=== Collected material ===

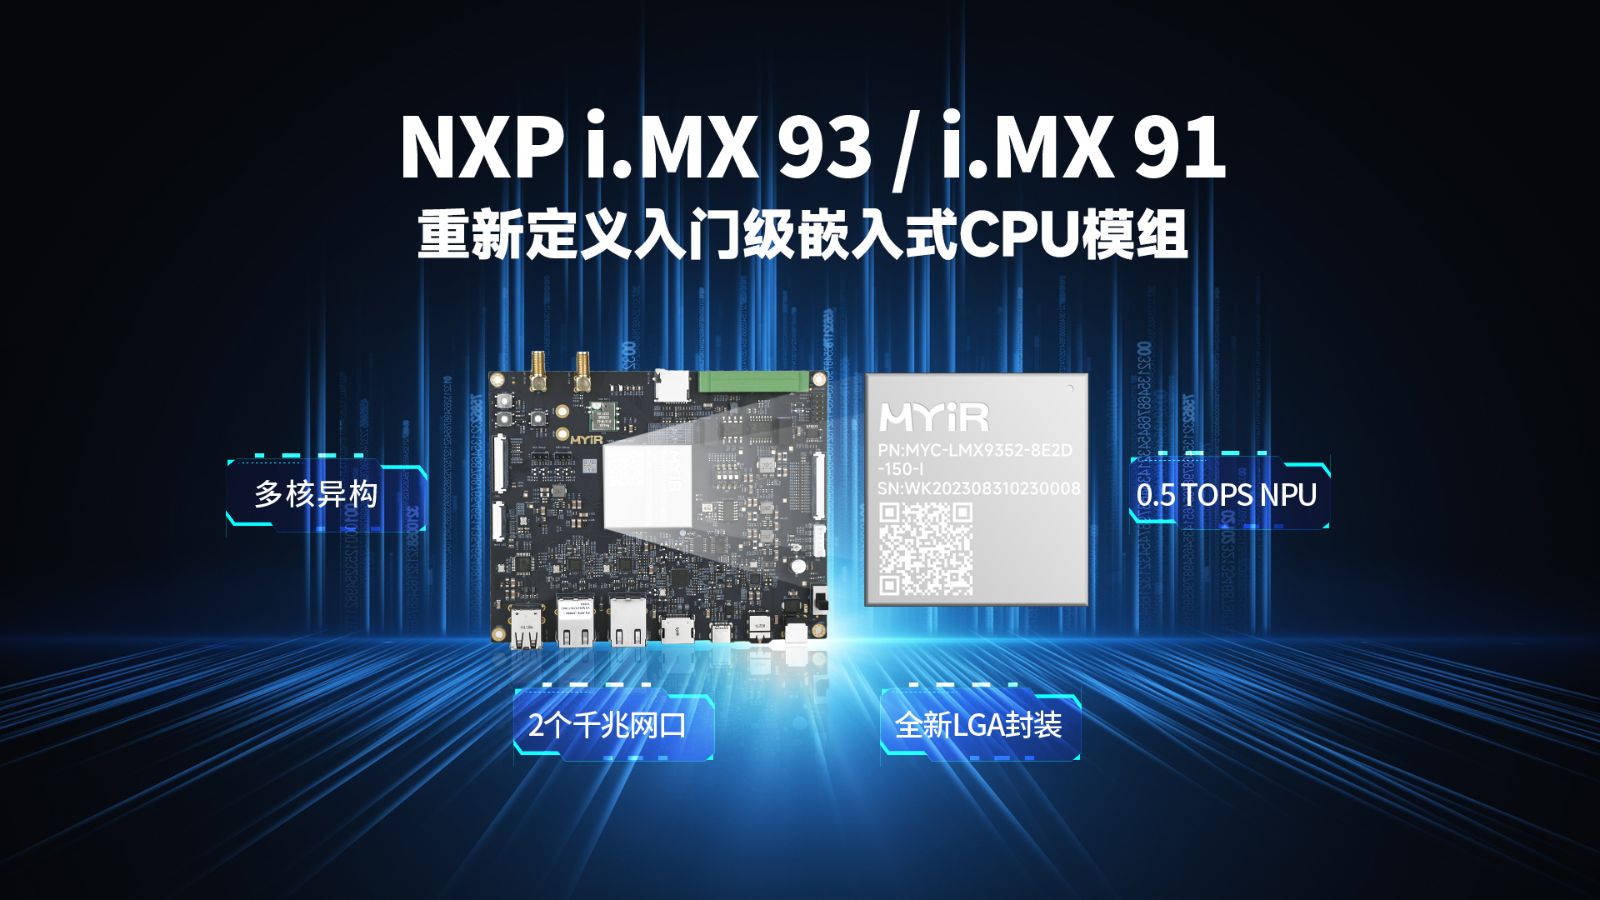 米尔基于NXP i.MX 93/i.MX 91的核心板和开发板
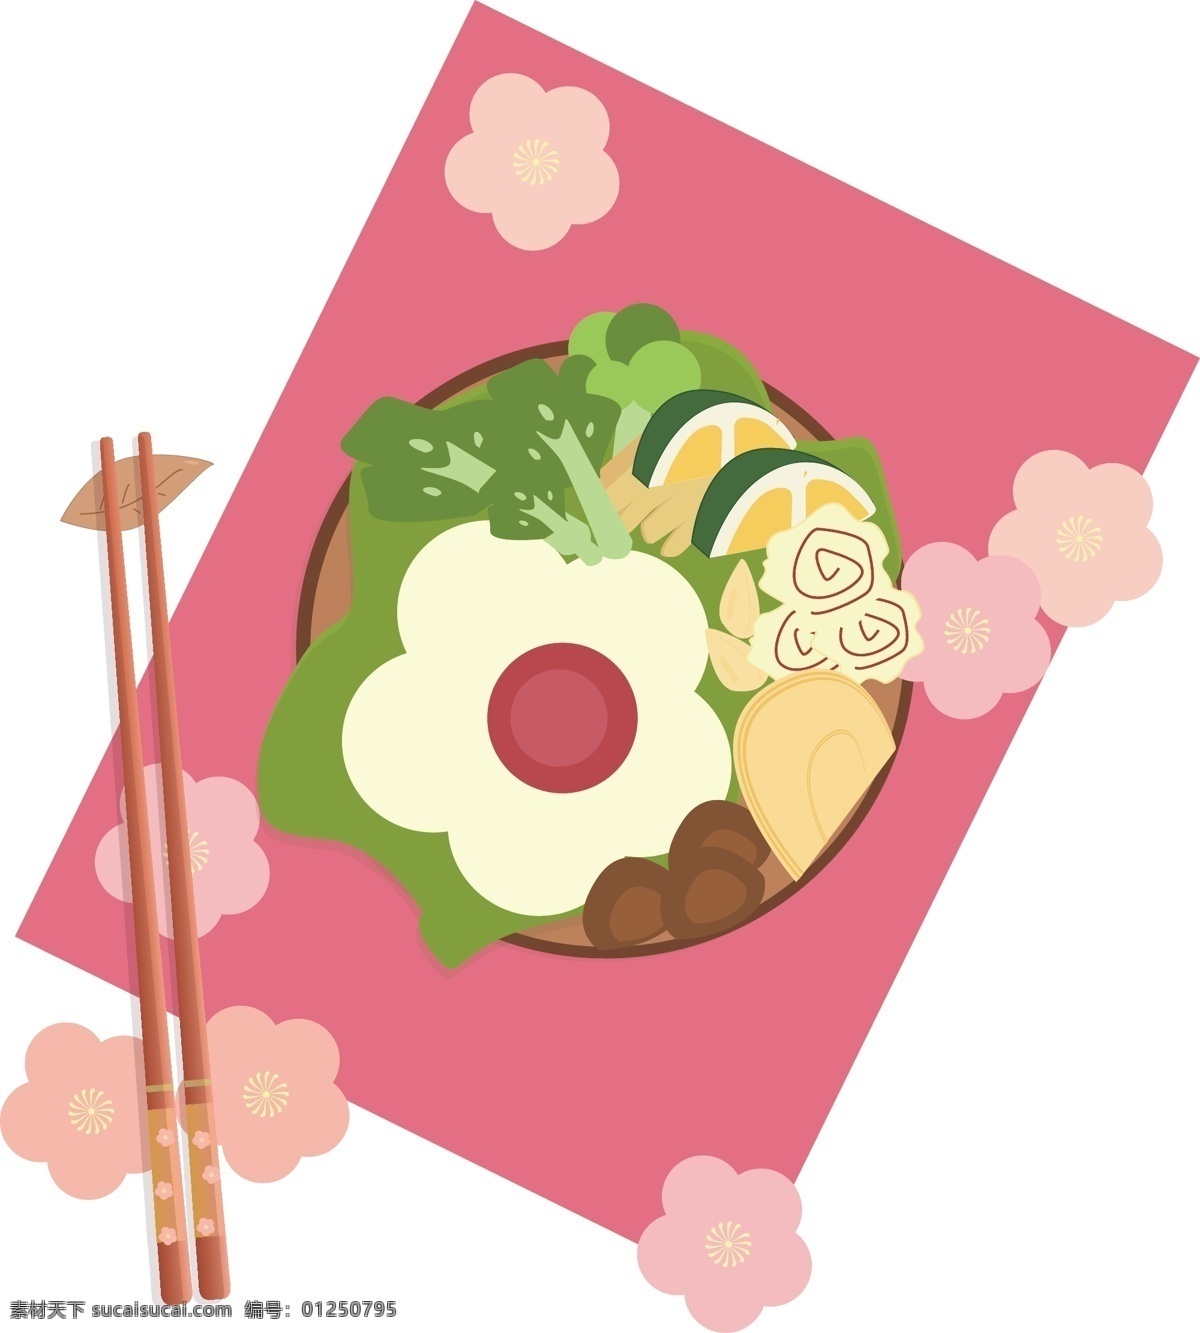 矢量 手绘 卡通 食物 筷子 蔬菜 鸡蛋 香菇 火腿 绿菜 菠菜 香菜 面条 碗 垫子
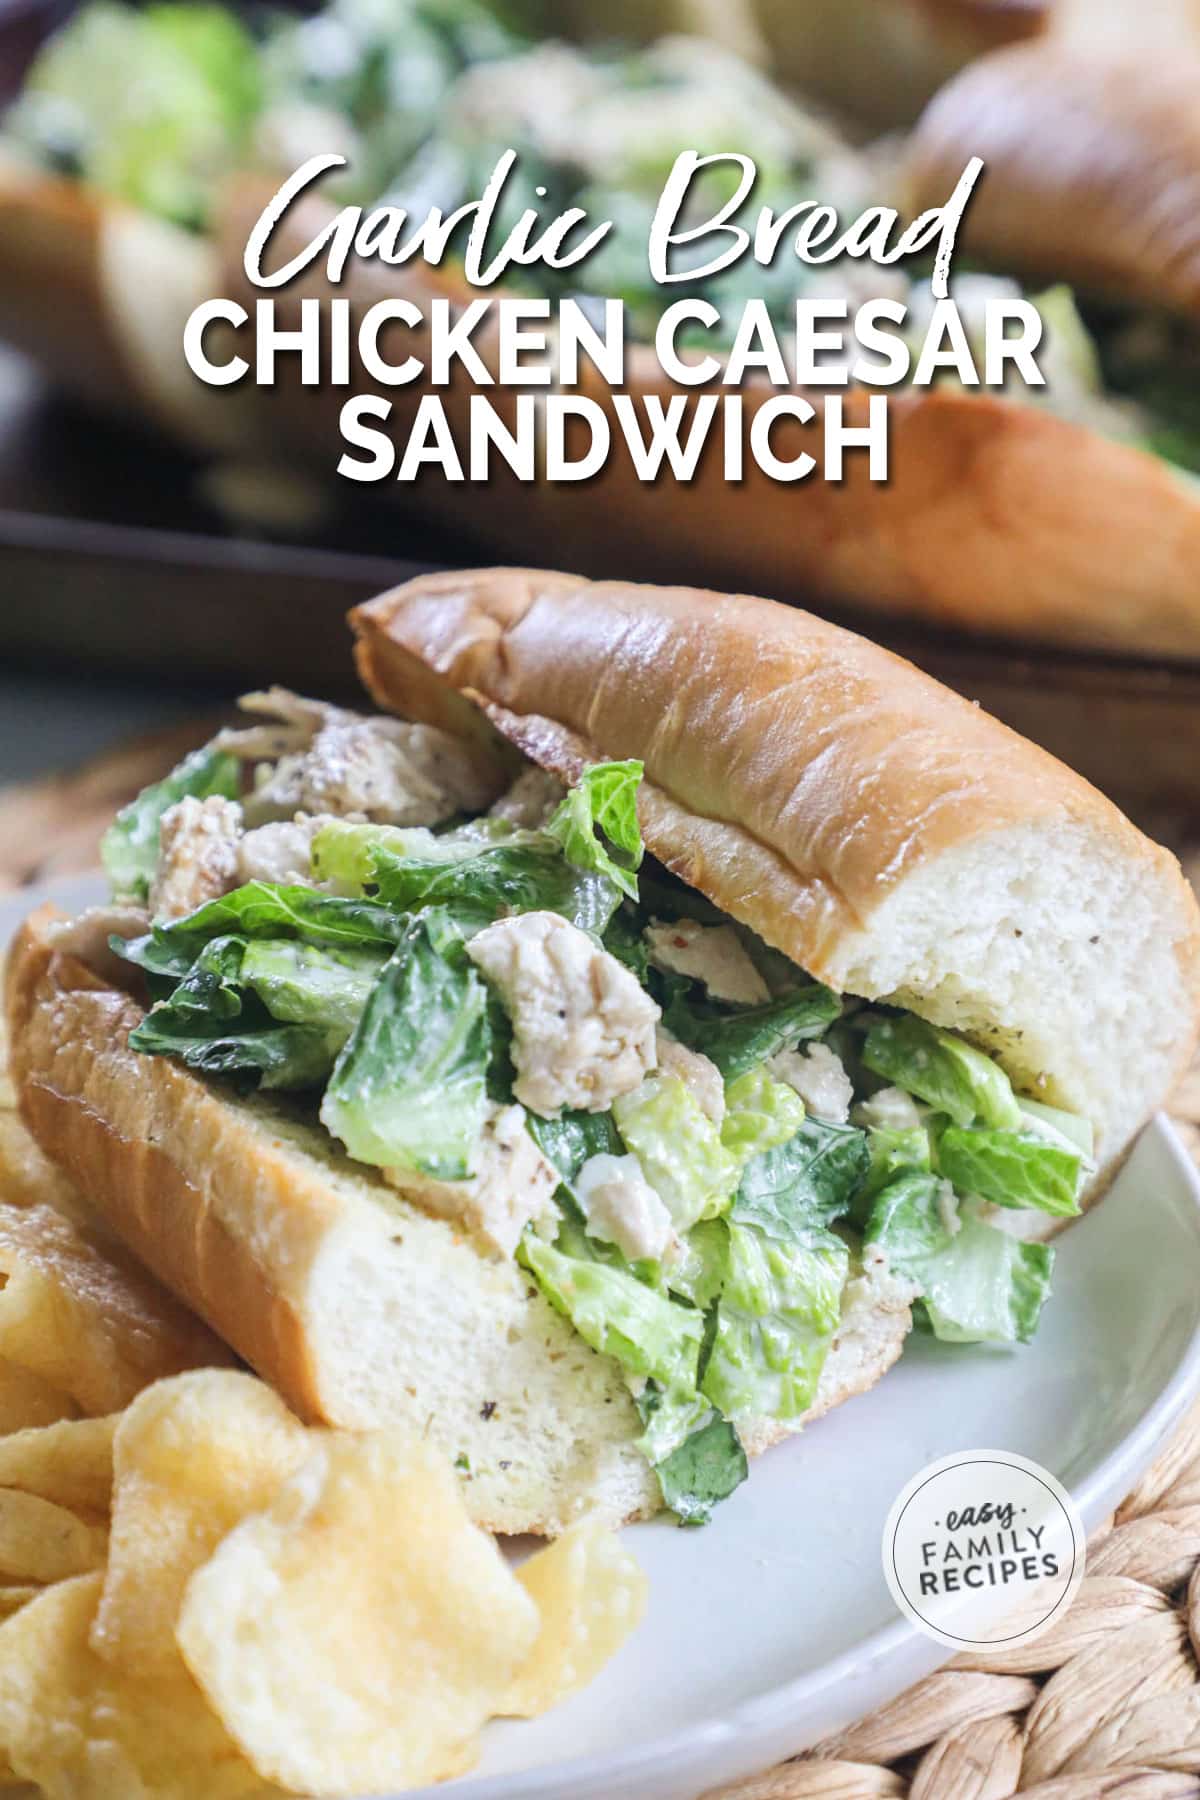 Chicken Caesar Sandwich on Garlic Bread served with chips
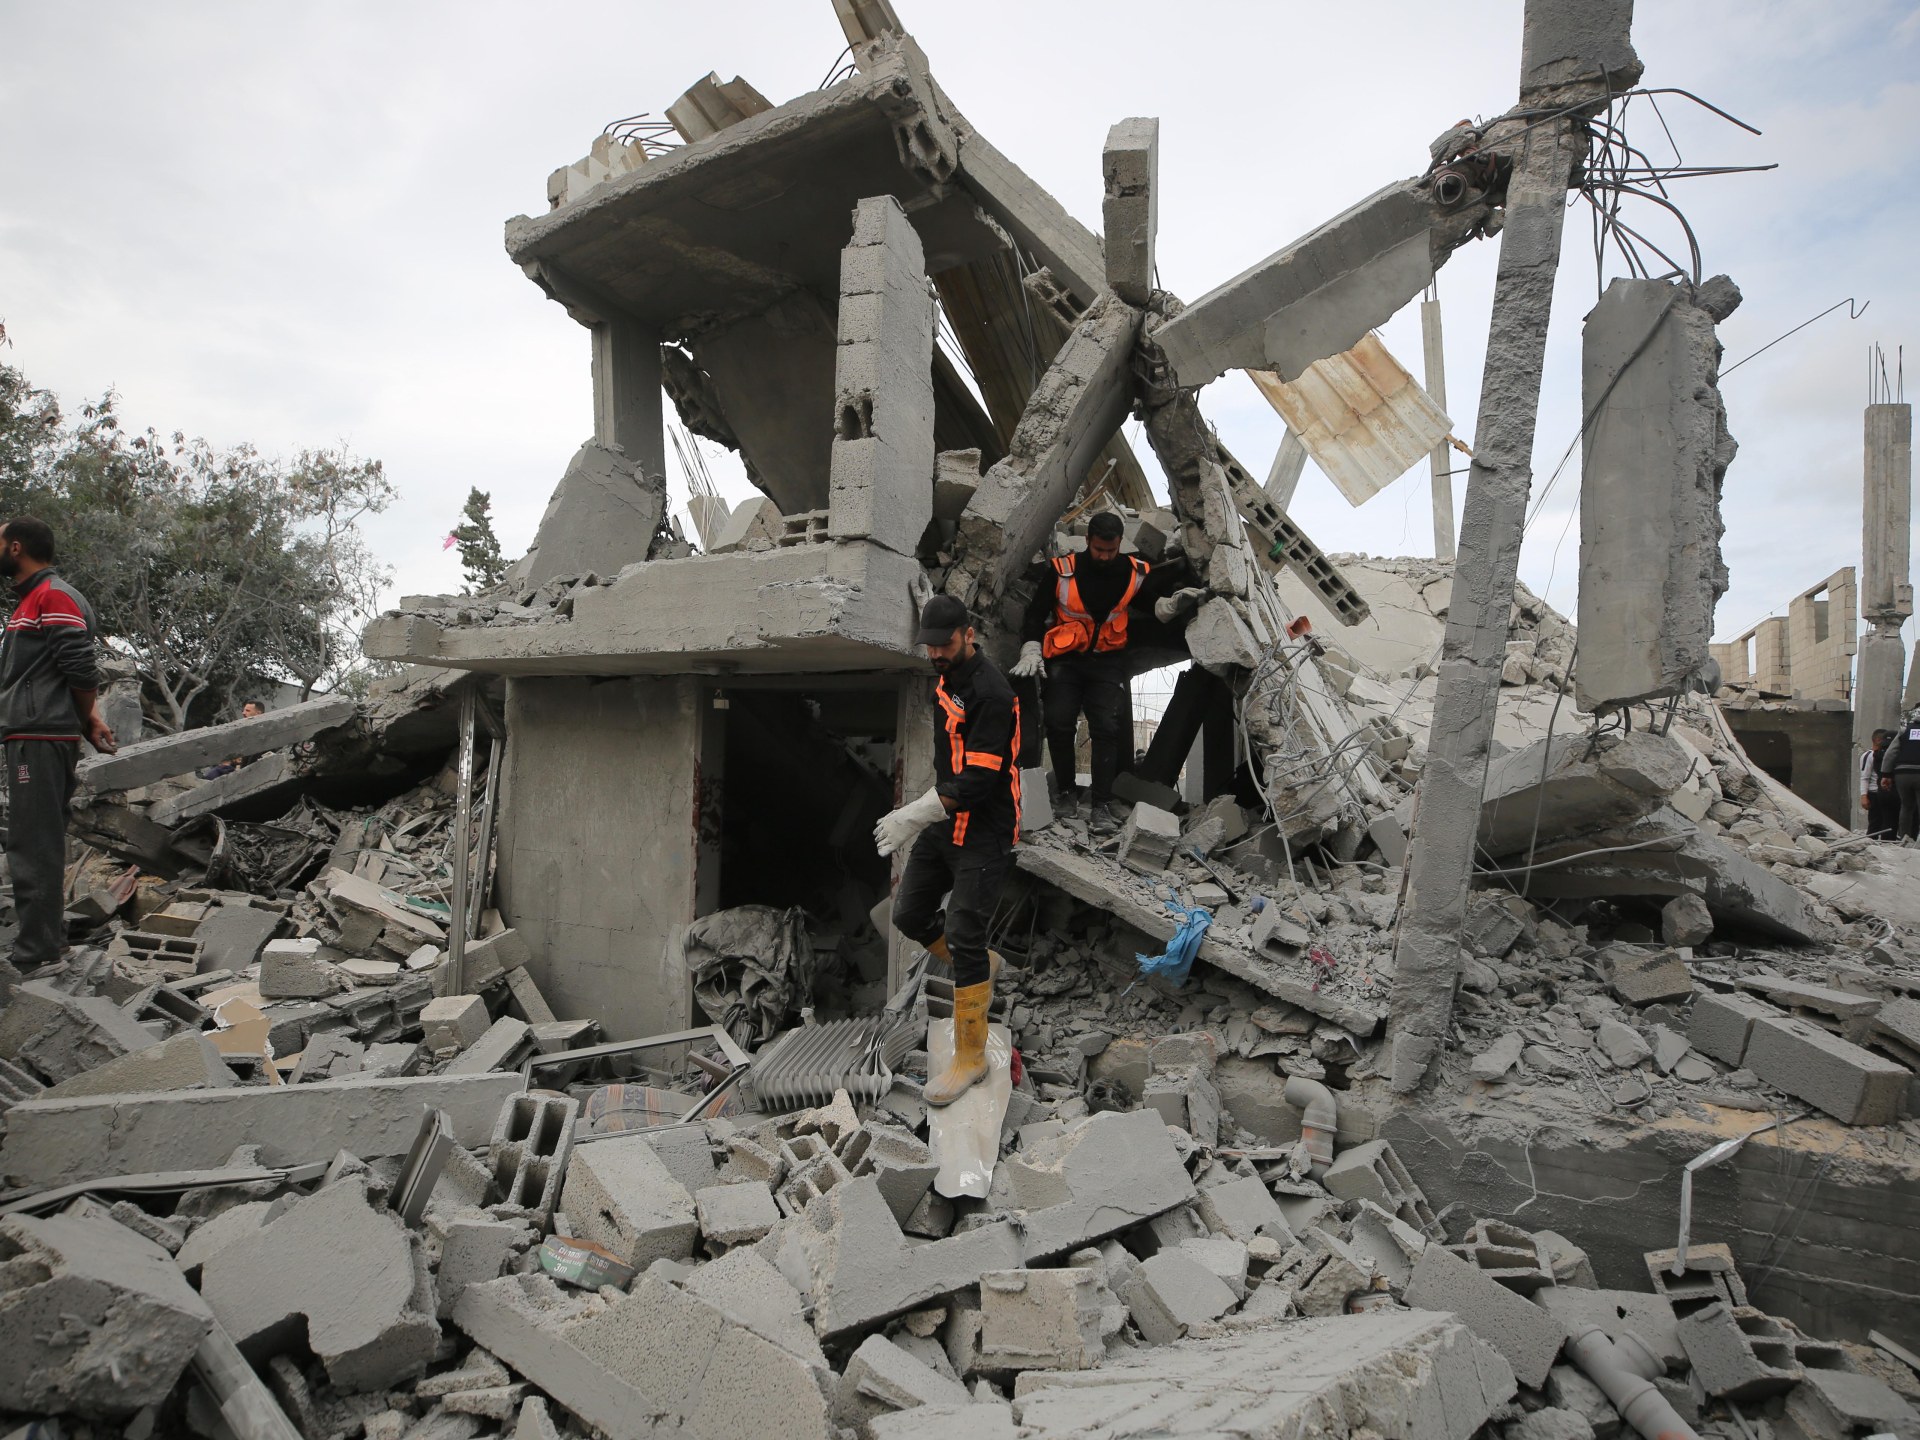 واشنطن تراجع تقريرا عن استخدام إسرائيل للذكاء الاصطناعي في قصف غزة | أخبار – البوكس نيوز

===

*What is being asked*
Everything in the data above gets copied exactly. Only the pictures are skipped.

*Solved exercise*
 米尔基于NXP i.MX 93/i.MX 91的核心板和开发板
 矢量 手绘 卡通 食物 筷子 蔬菜 鸡蛋 香菇 火腿 绿菜 菠菜 香菜 面条 碗 垫子
 Chicken Caesar Sandwich on Garlic Bread served with chips
 واشنطن تراجع تقريرا عن استخدام إسرائيل للذكاء الاصطناعي في قصف غزة | أخبار – البوكس نيوز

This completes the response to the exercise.